Häufig gestellte Fragen
Warum war es für Großbritannien wichtig, zum Goldstandard zur Vorkriegsparität zurückzukehren?
Großbritanniens Rückkehr zur Vorkriegs-Goldparität war von dem Wunsch getrieben, das internationale Ansehen des Pfund Sterling und seine Position als globales Finanzzentrum wiederherzustellen. Die politischen Entscheidungsträger glaubten, dass eine starke, goldgedeckte Währung ein Symbol wirtschaftlicher Stärke und eine Voraussetzung für stabilen internationalen Handel und Finanzen sei.
Wie trug das überbewertete Pfund zu Großbritanniens wirtschaftlichen Problemen bei?

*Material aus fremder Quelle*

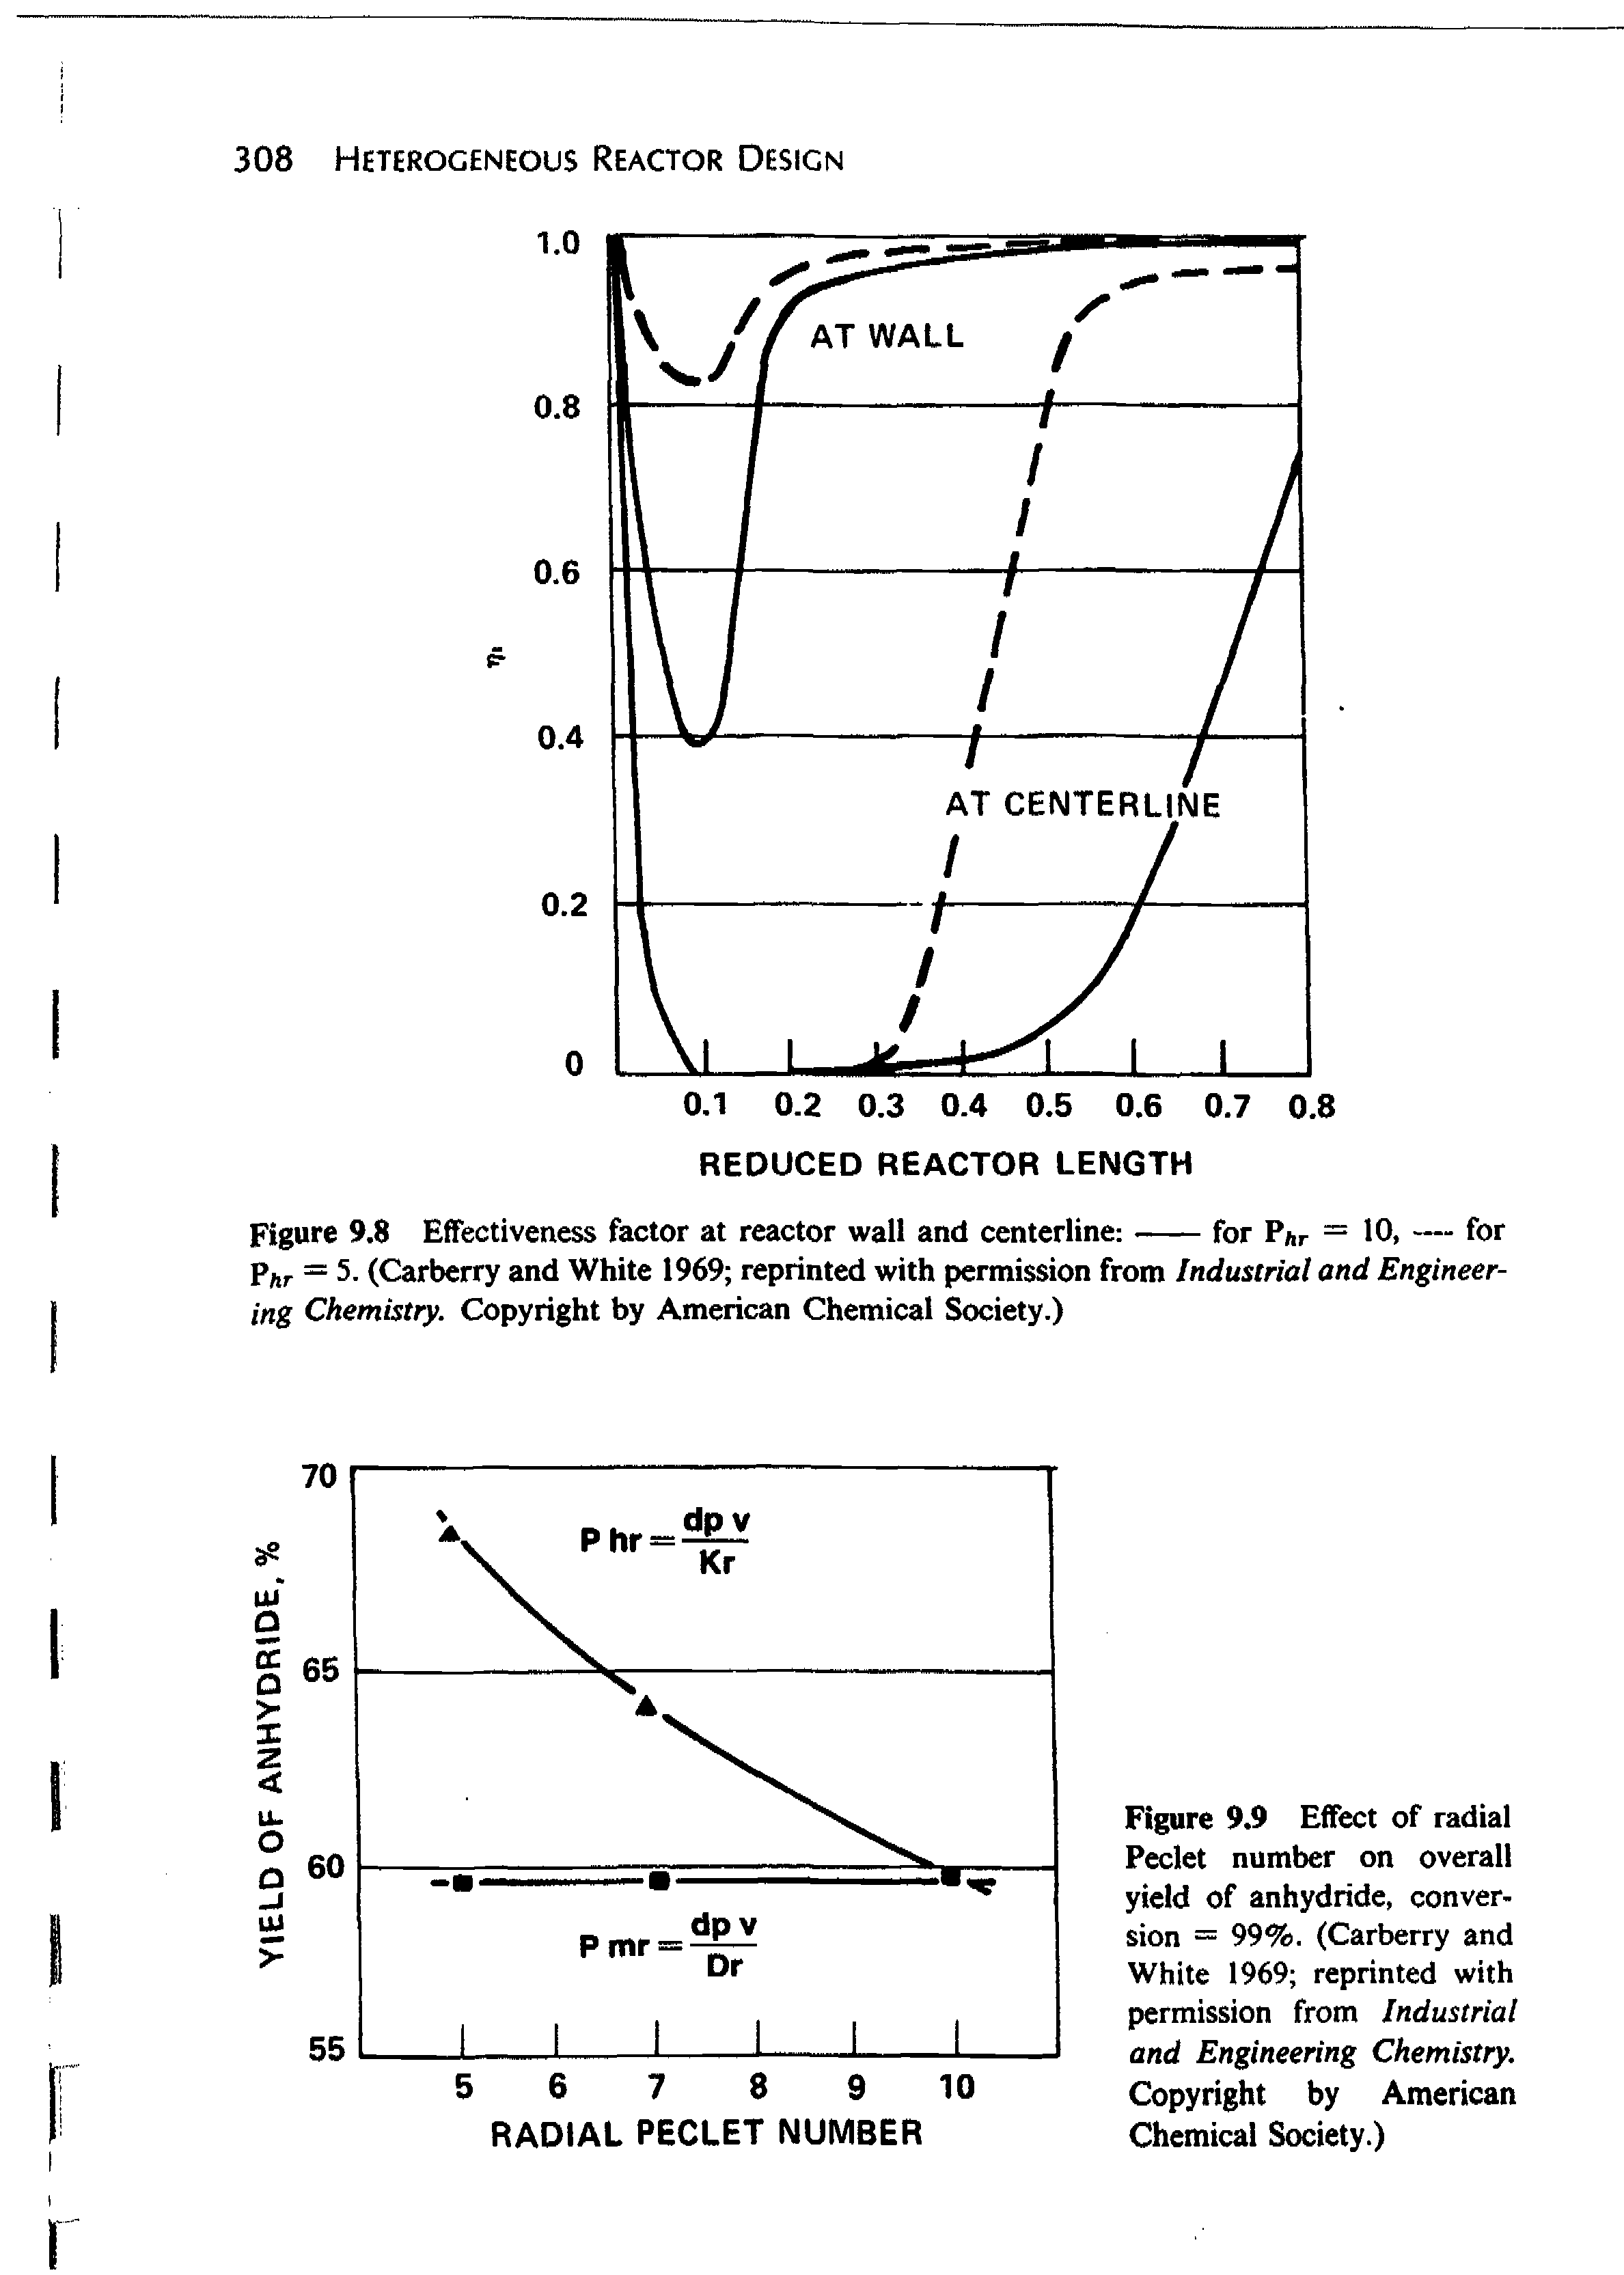 Figure 9.9 Effect of radial Peclet number on overall yield of anhydride, conversion = 99%. (Carberry and White 1969 reprinted with permission from Industrial and Engineering Chemistry. Copyright by American Chemical Society.)...

Ein überbewertetes Pfund machte britische Exporte für ausländische Käufer teurer und Importe für britische Verbraucher billiger. Dies führte zu einem erheblichen Rückgang der Nachfrage nach britischen Waren, insbesondere in wichtigen Exportindustrien, was zu geringerer Produktion, Arbeitsplatzverlusten und industriellen Unruhen führte.
War der Goldstandard die alleinige Ursache der Weltwirtschaftskrise?
Nein, der Goldstandard war nicht die alleinige Ursache der Weltwirtschaftskrise. Der Börsencrash, zugrunde liegende strukturelle wirtschaftliche Schwächen und protektionistische Politiken waren ebenfalls bedeutende Faktoren. Die Starrheit des Goldstandards verschärfte die Krise jedoch, indem sie politische Reaktionen einschränkte, deflationäre Tendenzen weltweit übertrug und die internationale Zusammenarbeit behinderte.